Several techniques are used to optimize distributed queries:
2.2.1 Semi-Join Strategy
Semi-join reduces the amount of data transferred between sites:
- Project the join column from one relation
- Send the projection to the site of the other relation
- Join the projection with the second relation
- Send the result back to the first site
- Join with the first relation
Example:
-- Need to join Employee (at Site 1) and Department (at Site 2)
-- Step 1: Project join column from Employee
π dept_id (Employee) -> Site 2
-- Step 2: Join with Department at Site 2
Result = Department ⋈ π dept_id (Employee)
-- Step 3: Send result back to Site 1
Result -> Site 1
-- Step 4: Join with Employee at Site 1
Final Result = Employee ⋈ Result
2.2.2 Join Strategies
Different join strategies can be used in distributed environments:
Nested Loop Join
- Suitable when one relation is small
- Can be executed at either site
- Example:
for each tuple r in R: for each tuple s in S: if r.join_attr = s.join_attr: output (r, s)
Hash Join
- Effective for larger relations
- Hash the smaller relation, scan the larger one
- Example:
1. Build hash table for relation R using join attribute 2. For each tuple in S, probe hash table 3. Output matching tuples
Ship-Whole Strategy
- Move entire relations to a single site
- Useful when network is fast or relations are small
- Example: Ship Department to Employee's site if Department is small
2.2.3 Cost Models for Distribution
Cost models account for both computation and communication costs:
Communication Cost
- Data transmission costs (proportional to data volume)
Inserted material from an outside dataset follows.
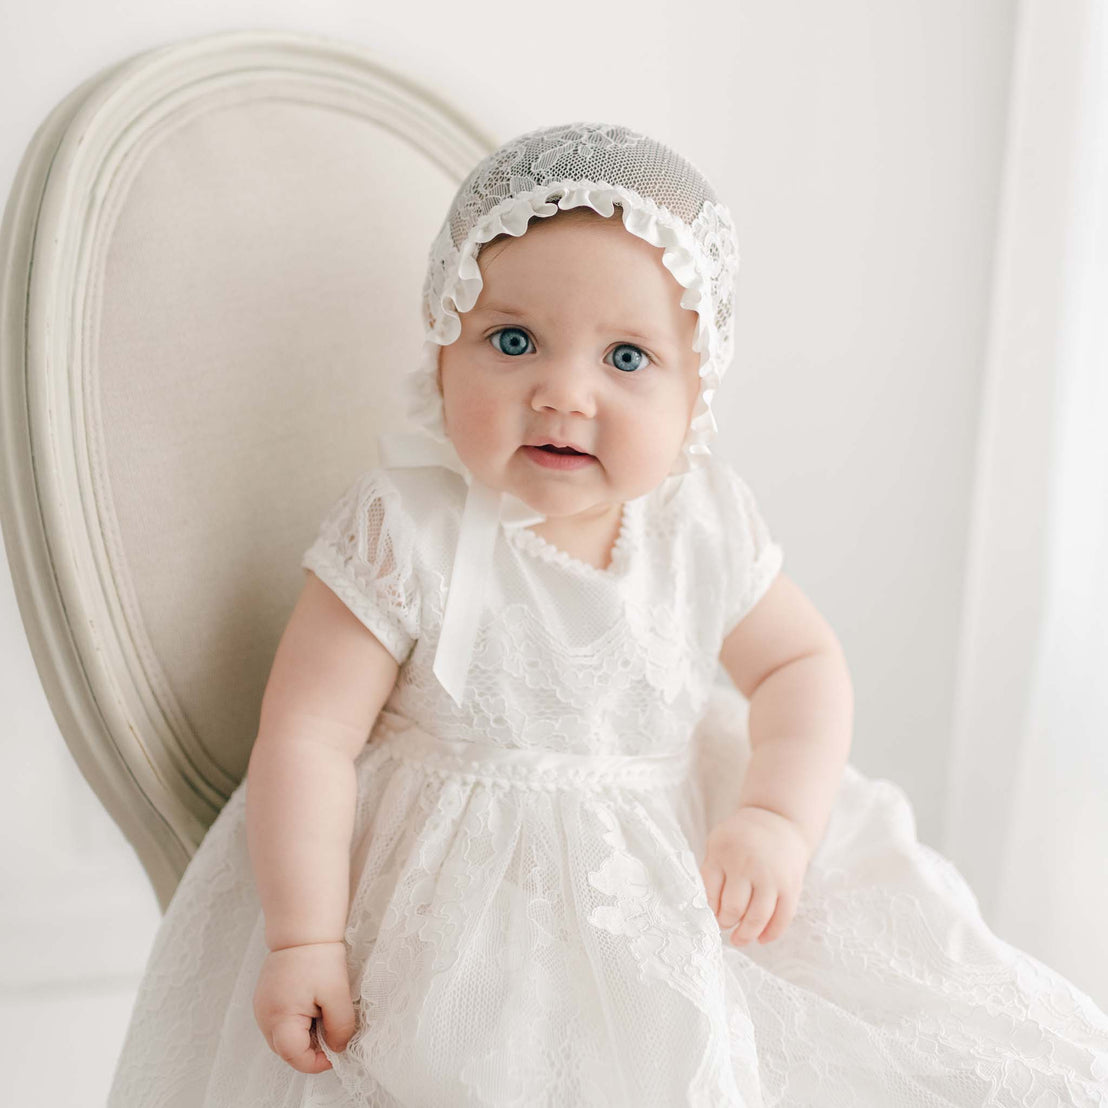 A baby wearing the Victoria Puff Sleeve Christening Gown and Bonnet sits on a light-colored, upholstered chair. The baby has blue eyes and a slight smile.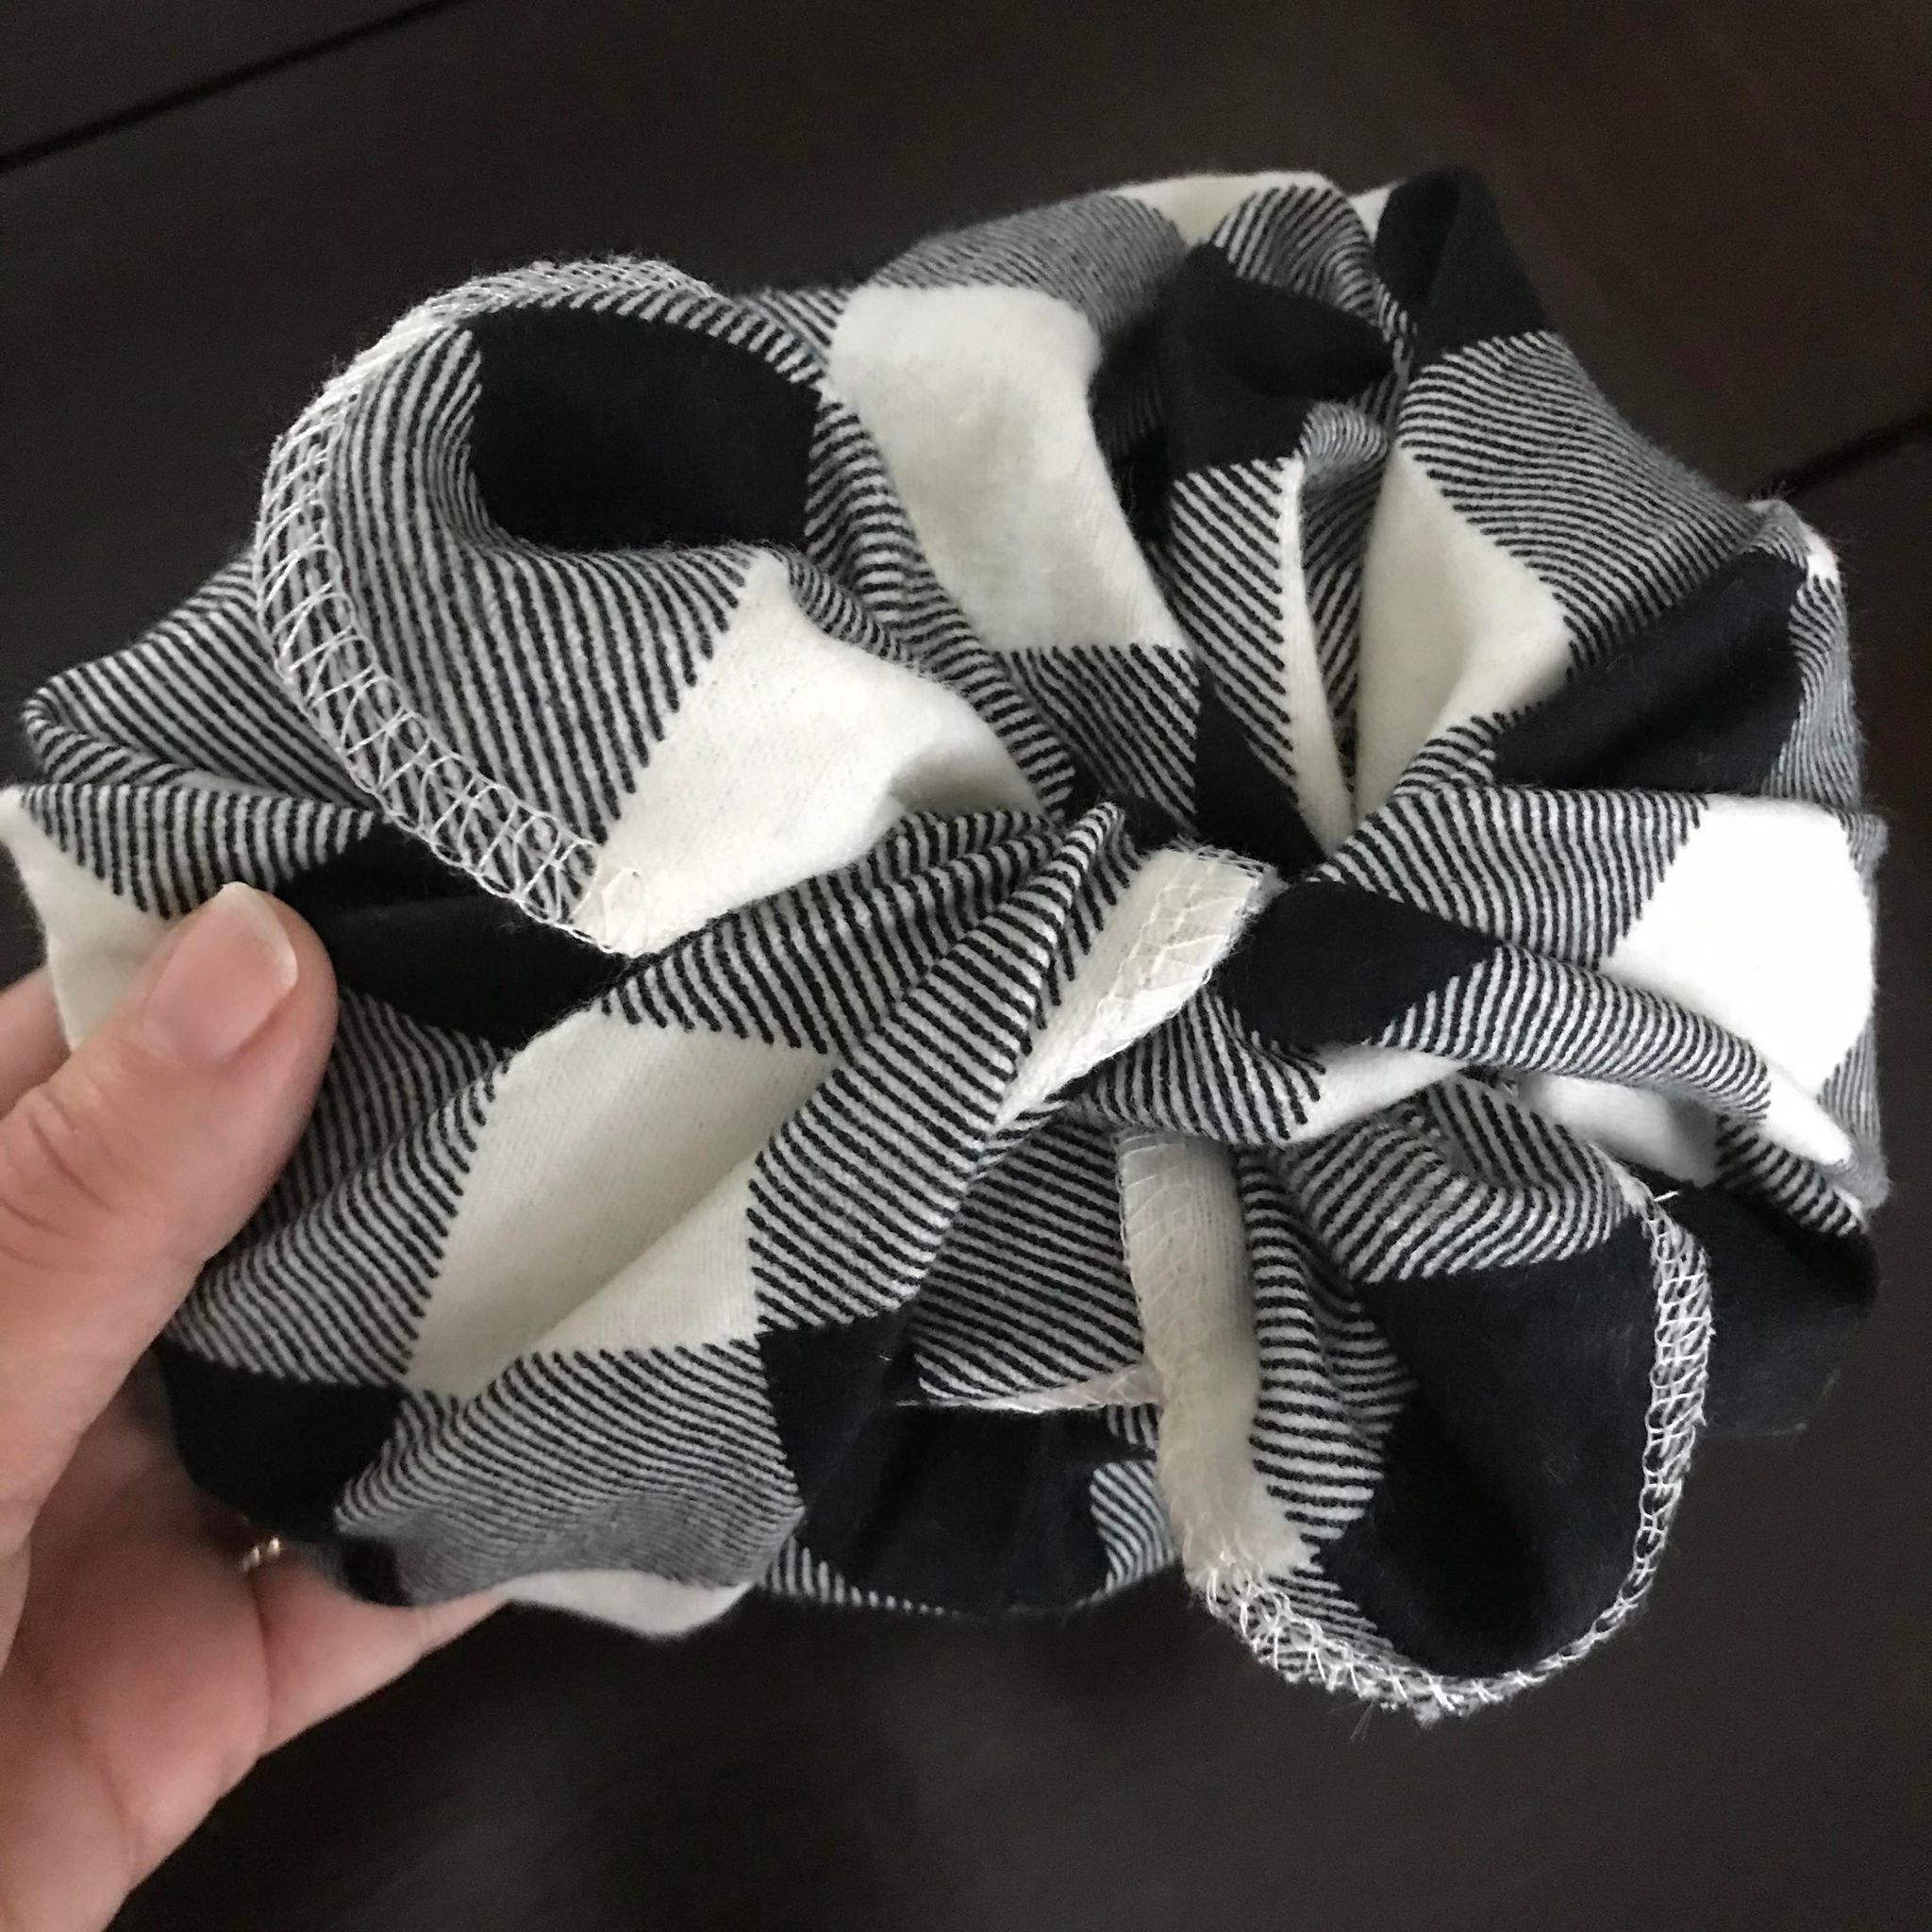 A small gift wrapped in black and white plaid cotton flannel gift wrap from the Canadian brand Cheeks Ahoy

- Network latency (fixed cost per message)
- Example:
Cost = message_startup_cost + (data_size * transmission_cost)
Processing Cost
- CPU time for query execution
- I/O time for disk operations
- Example:
Cost = cpu_cost + io_cost
Total Cost
- Sum of communication and processing costs
- Example:
Total Cost = communication_cost + processing_cost
2.2.4 Query Execution Strategies
Different strategies can be used to execute distributed queries:
Data Shipping
- Move data to the site where the query originated
- Centralized execution but high data movement
- Example: Bring all Employee and Department data to the query site
Query Shipping
- Move the query (or subqueries) to the data sites
- Distributed execution with less data movement
- Example: Execute part of the query at the Employee site and part at the Department site
Hybrid Approach
- Combine data and query shipping based on costs
- Example: Ship small reference tables but process large fact tables in place
2.3 Distributed Transaction Processing
Distributed transactions span multiple sites and require careful coordination to maintain ACID properties.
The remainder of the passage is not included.